• [Work to be completed]:
Nothing outside the lines below from the one containing "The setting sun" through the one containing "Are You Experienced" is to be printed; print those exactly, ends included, and drop the pictures.

--- Task inputs ---

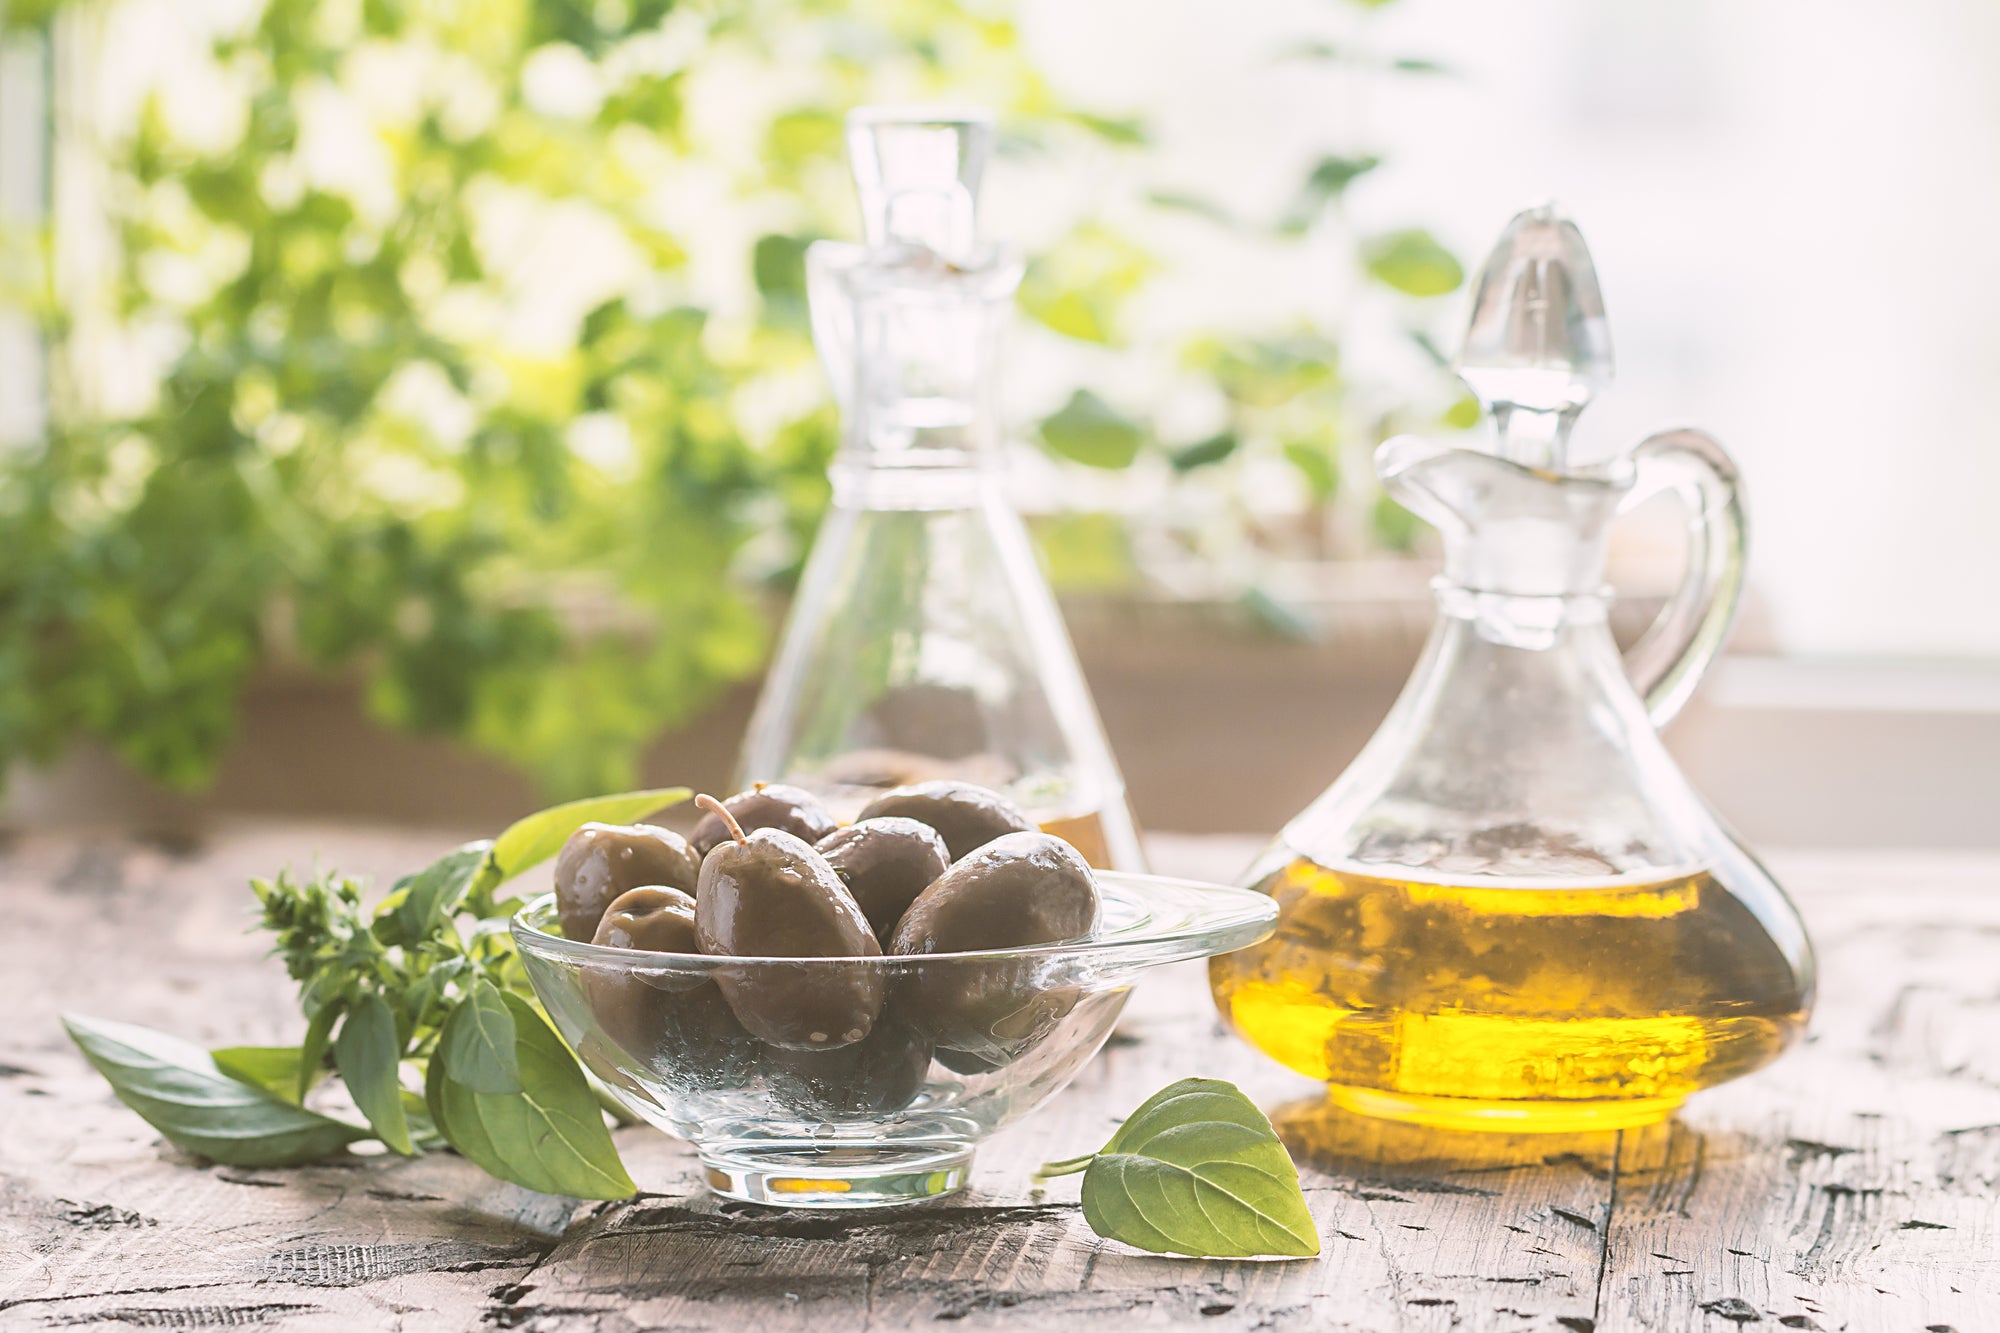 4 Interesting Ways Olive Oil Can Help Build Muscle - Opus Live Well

---
--- Task inputs ---

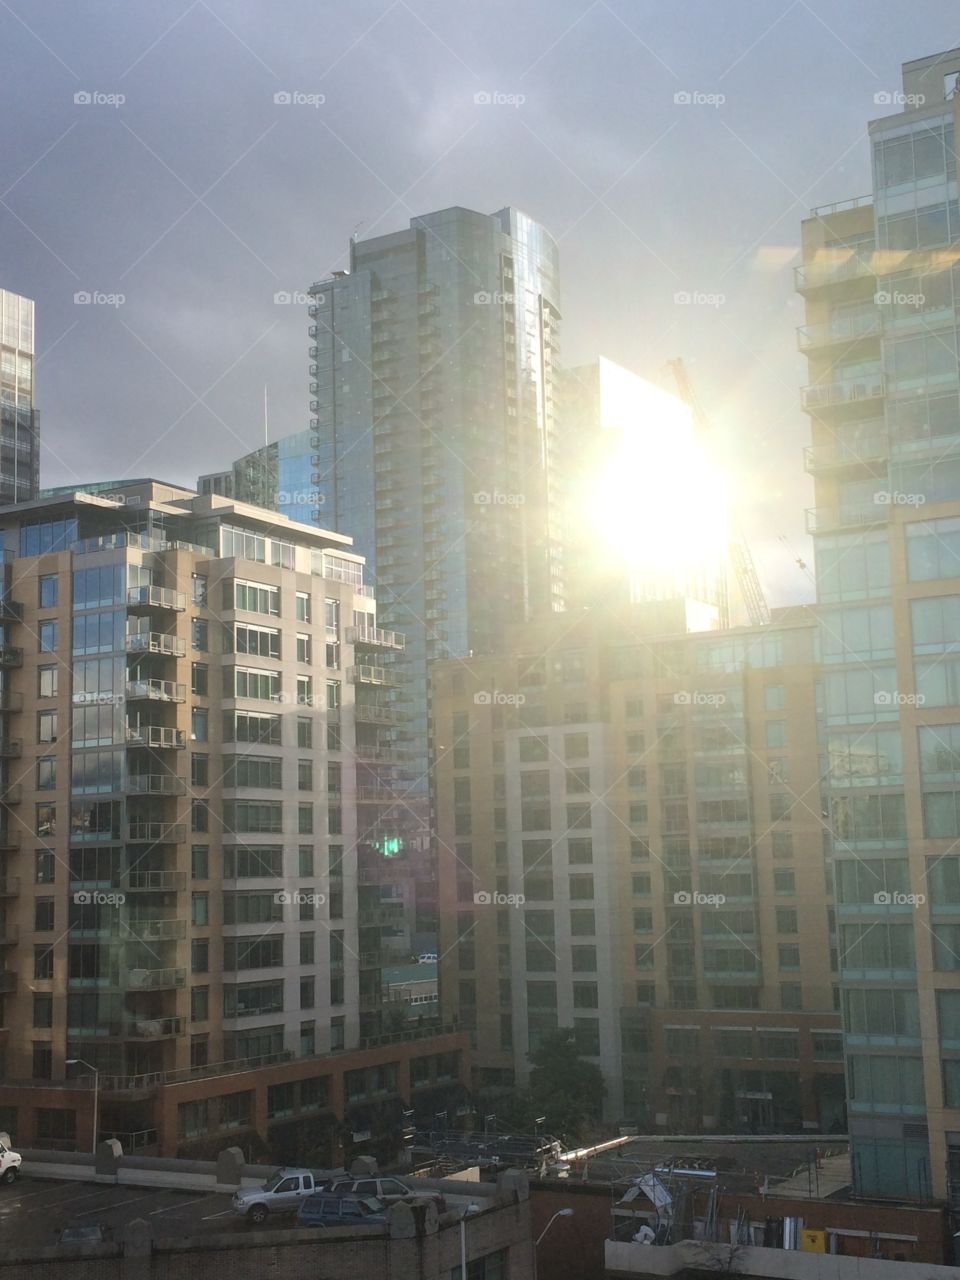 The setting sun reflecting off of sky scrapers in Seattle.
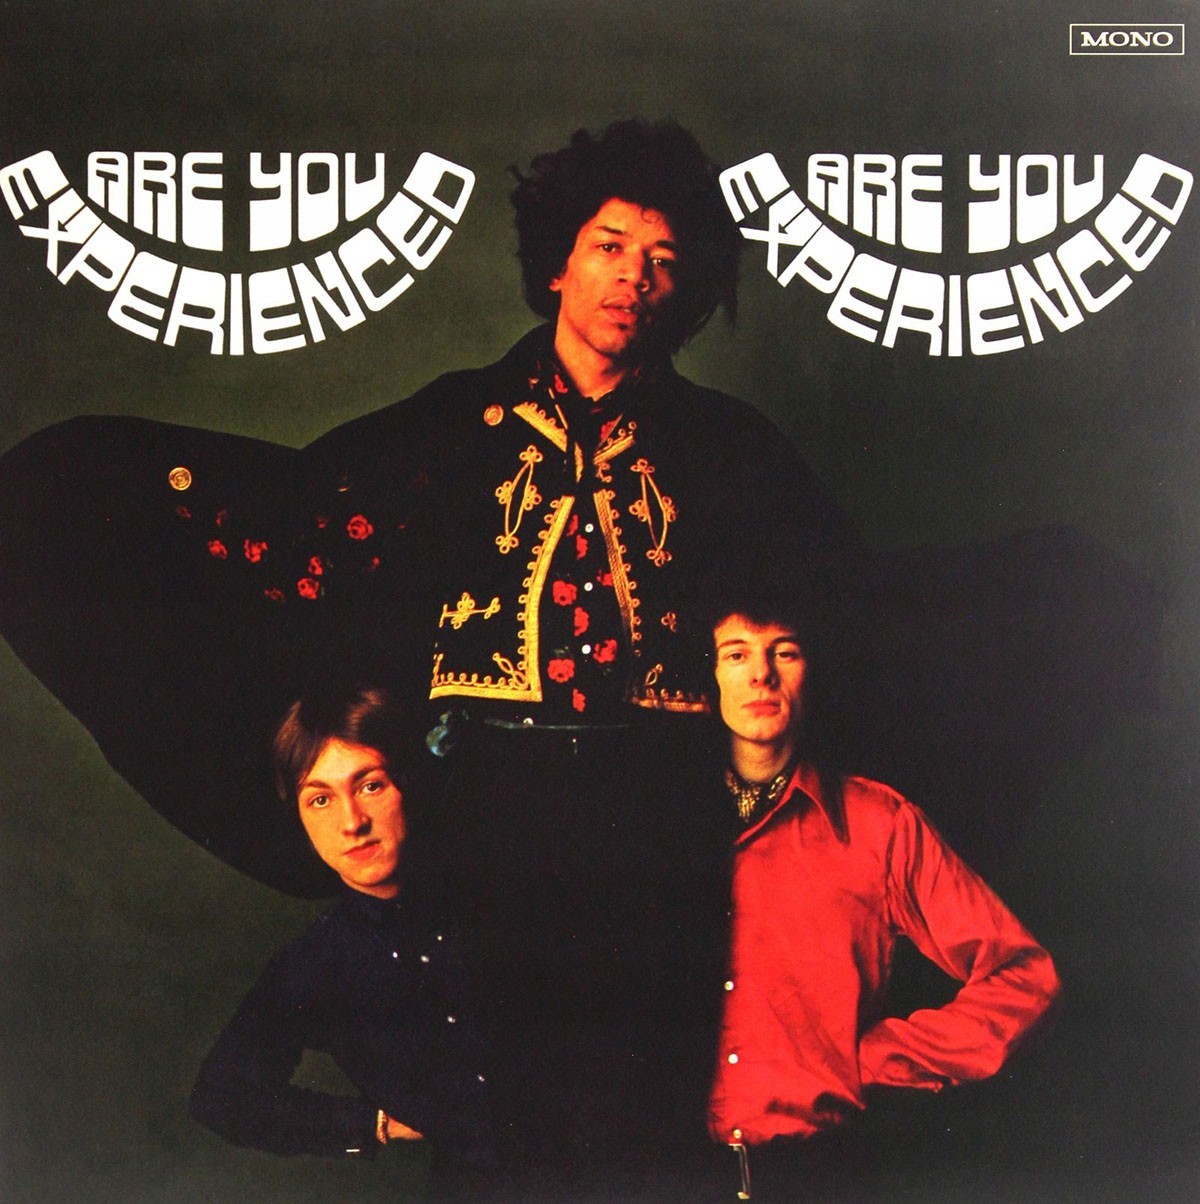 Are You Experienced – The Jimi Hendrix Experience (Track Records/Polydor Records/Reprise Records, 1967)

---

• [Task answer]:
 The setting sun reflecting off of sky scrapers in Seattle.
 Are You Experienced – The Jimi Hendrix Experience (Track Records/Polydor Records/Reprise Records, 1967)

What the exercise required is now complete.